--- RECORDS SUPPLIED ---
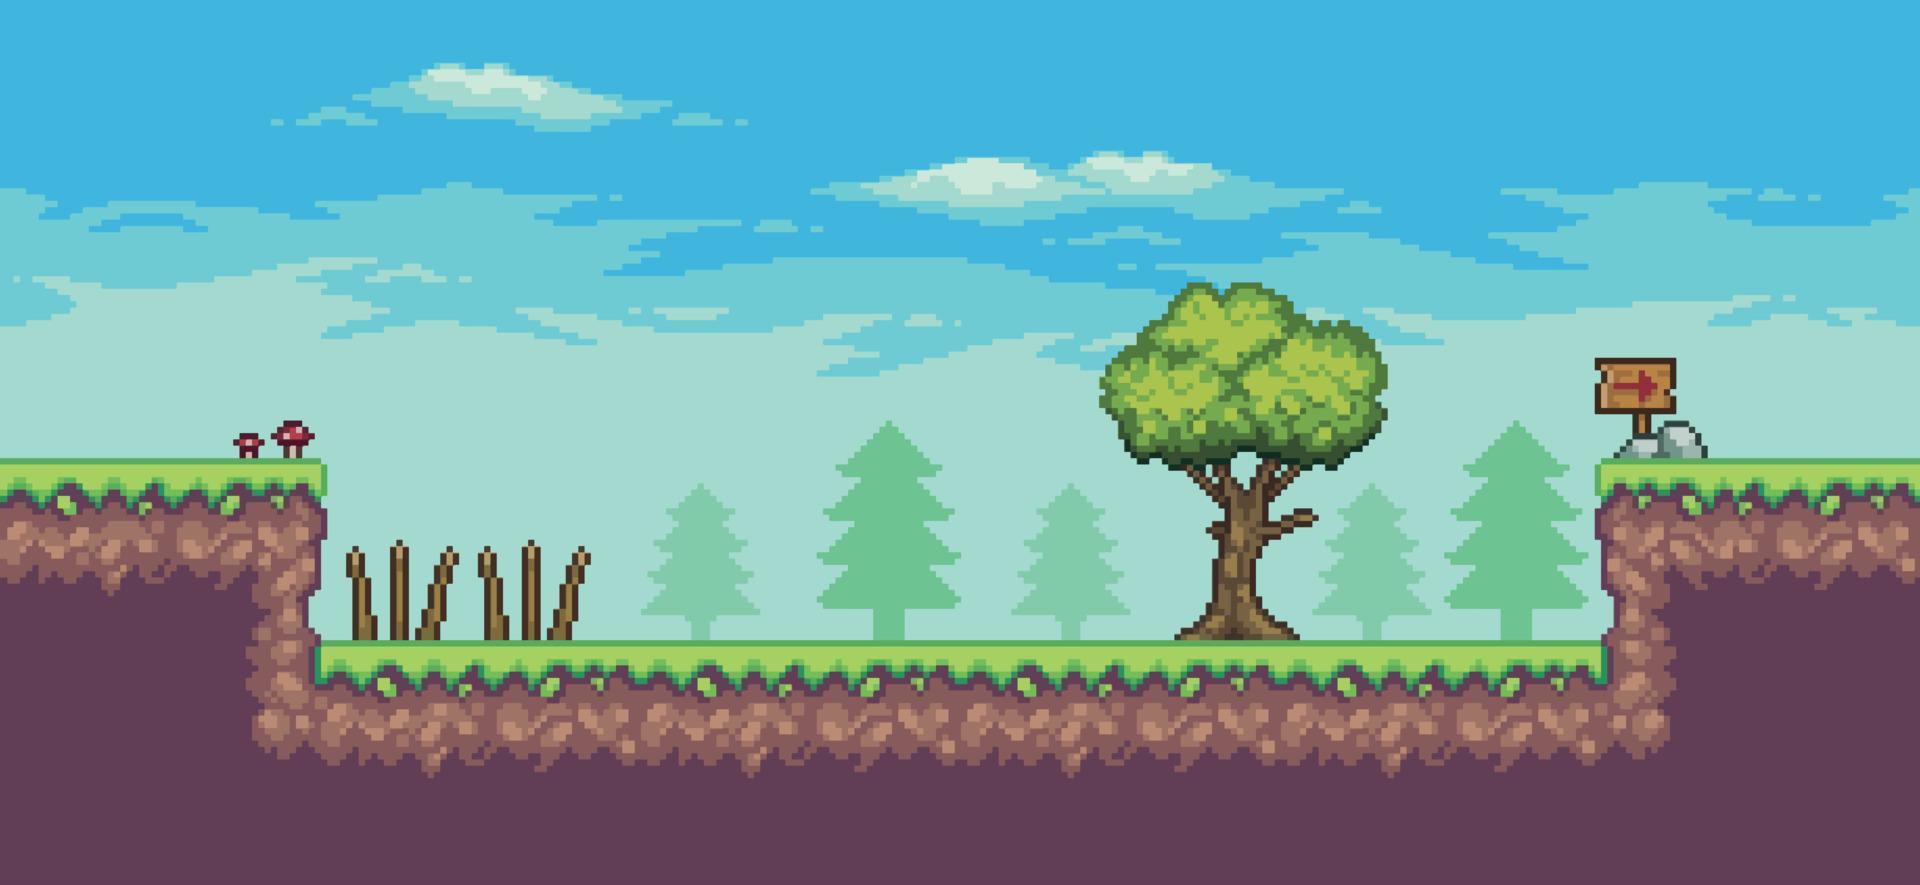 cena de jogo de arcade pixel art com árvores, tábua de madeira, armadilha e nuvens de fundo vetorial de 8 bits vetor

* * *

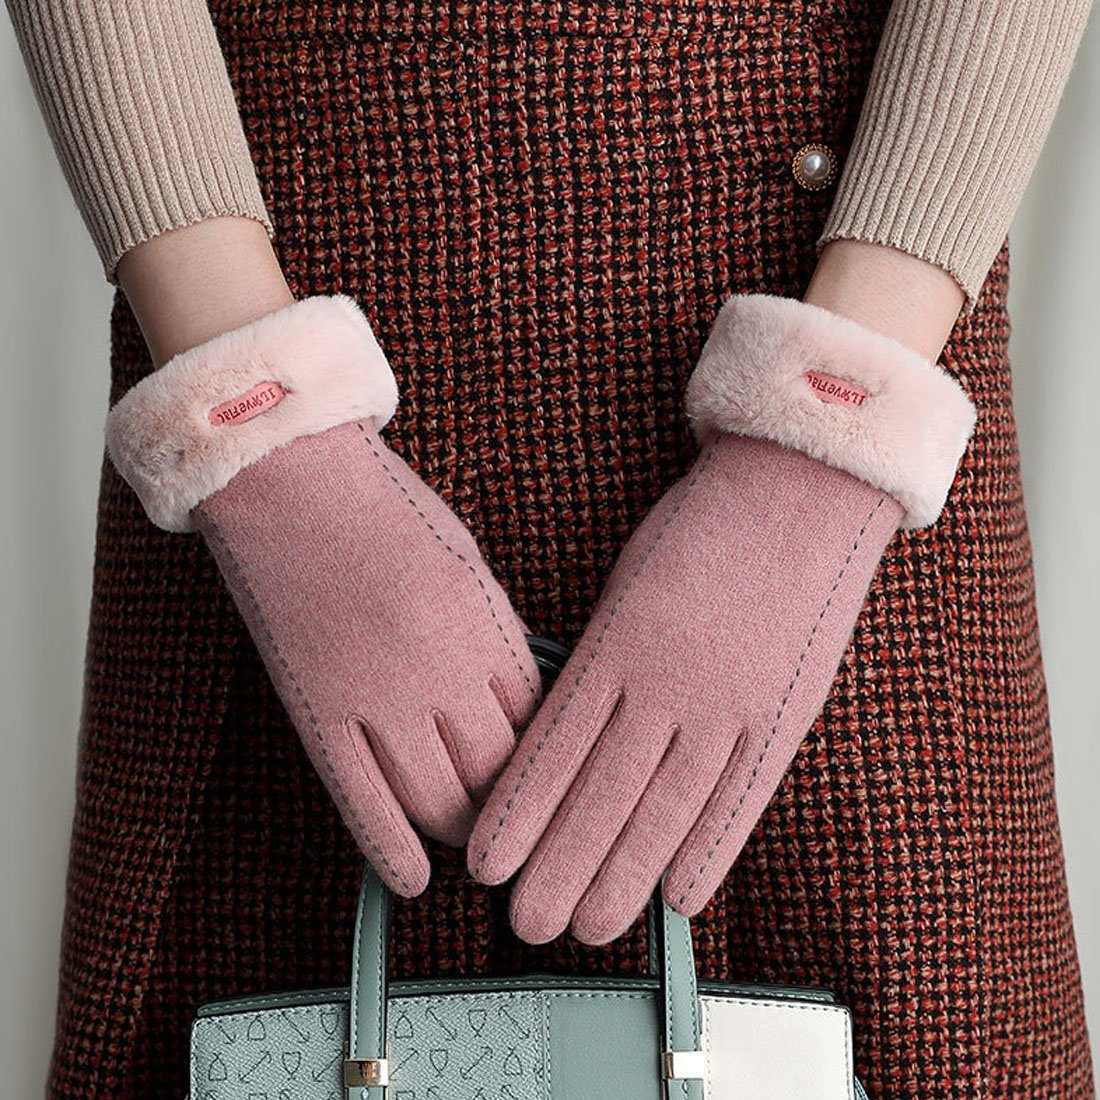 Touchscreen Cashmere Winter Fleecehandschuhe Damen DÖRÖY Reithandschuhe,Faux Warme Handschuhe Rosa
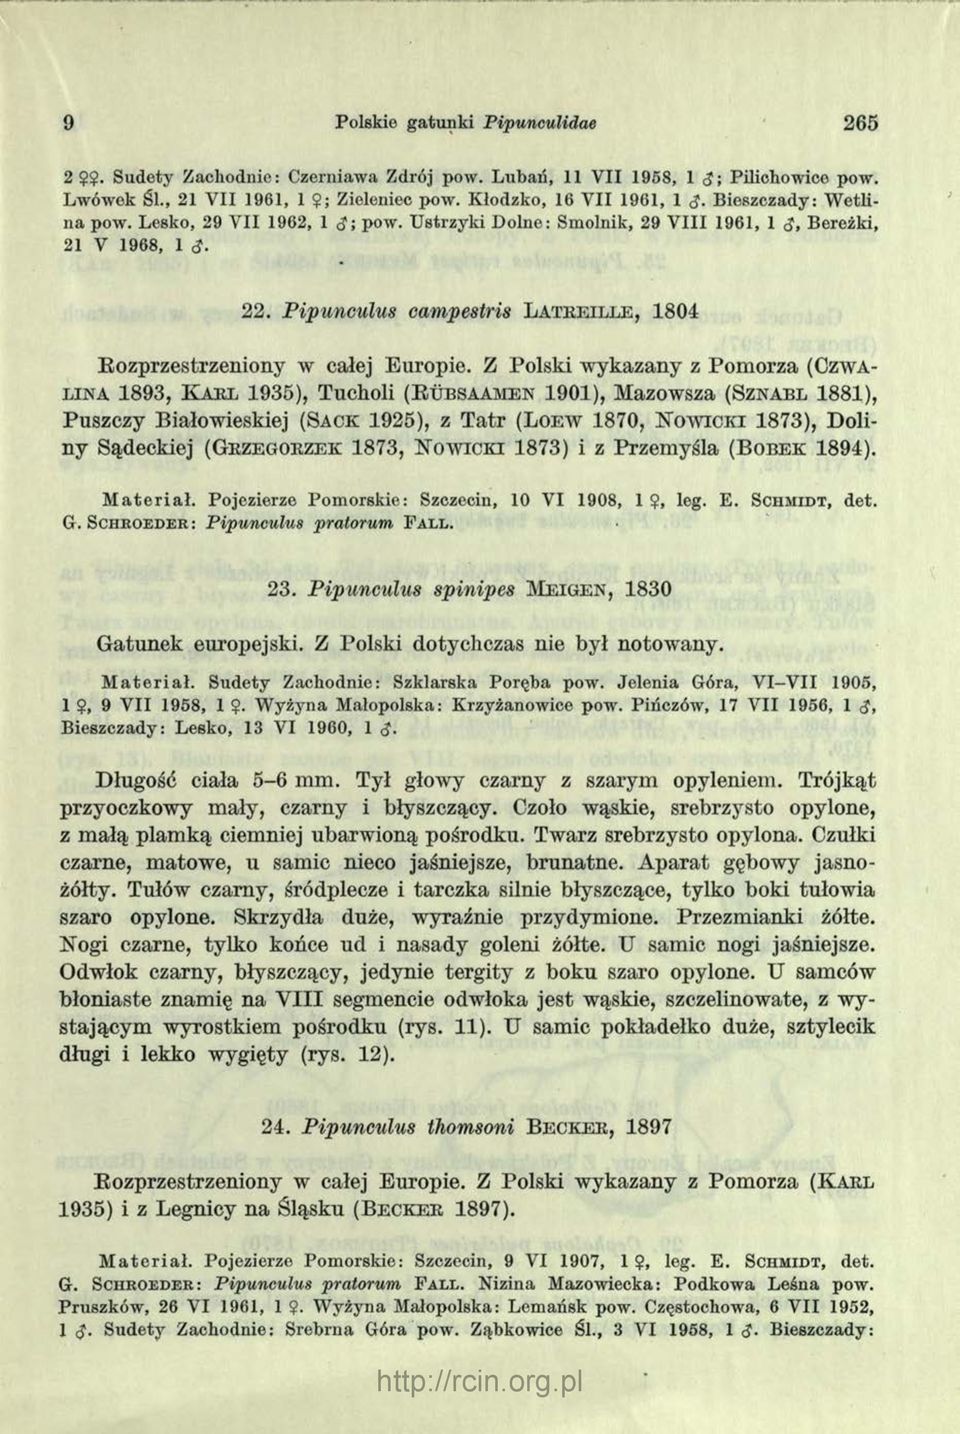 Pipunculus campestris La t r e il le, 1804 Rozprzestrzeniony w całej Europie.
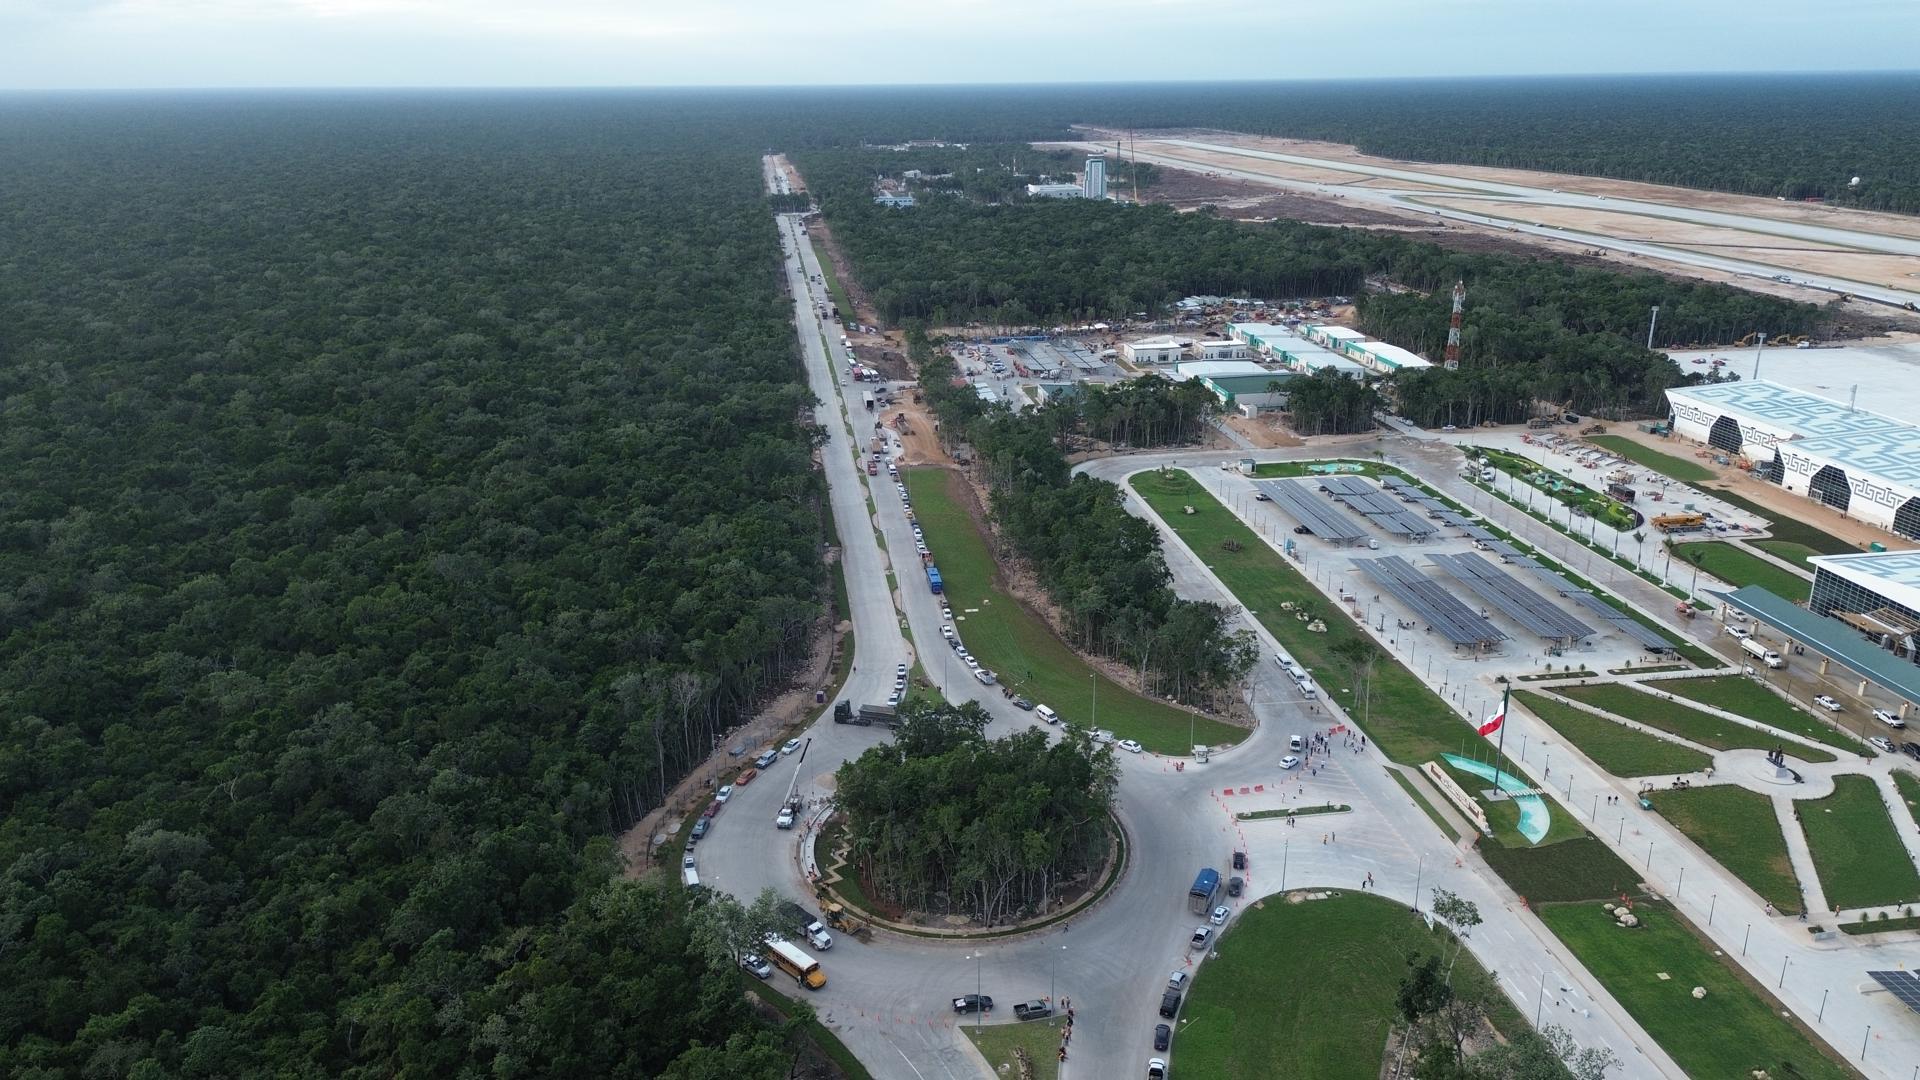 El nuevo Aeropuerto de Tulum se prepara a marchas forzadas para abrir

--- AIM OF THE TASK ---
The lines above from the line with "Pipunculus campestris La" through the line with "El nuevo Aeropuerto" are to be given again word for word, with no pictures among them.

--- RESPONSE TO THIS EXERCISE ---
 Pipunculus campestris La t r e il le, 1804 Rozprzestrzeniony w całej Europie.
 El nuevo Aeropuerto de Tulum se prepara a marchas forzadas para abrir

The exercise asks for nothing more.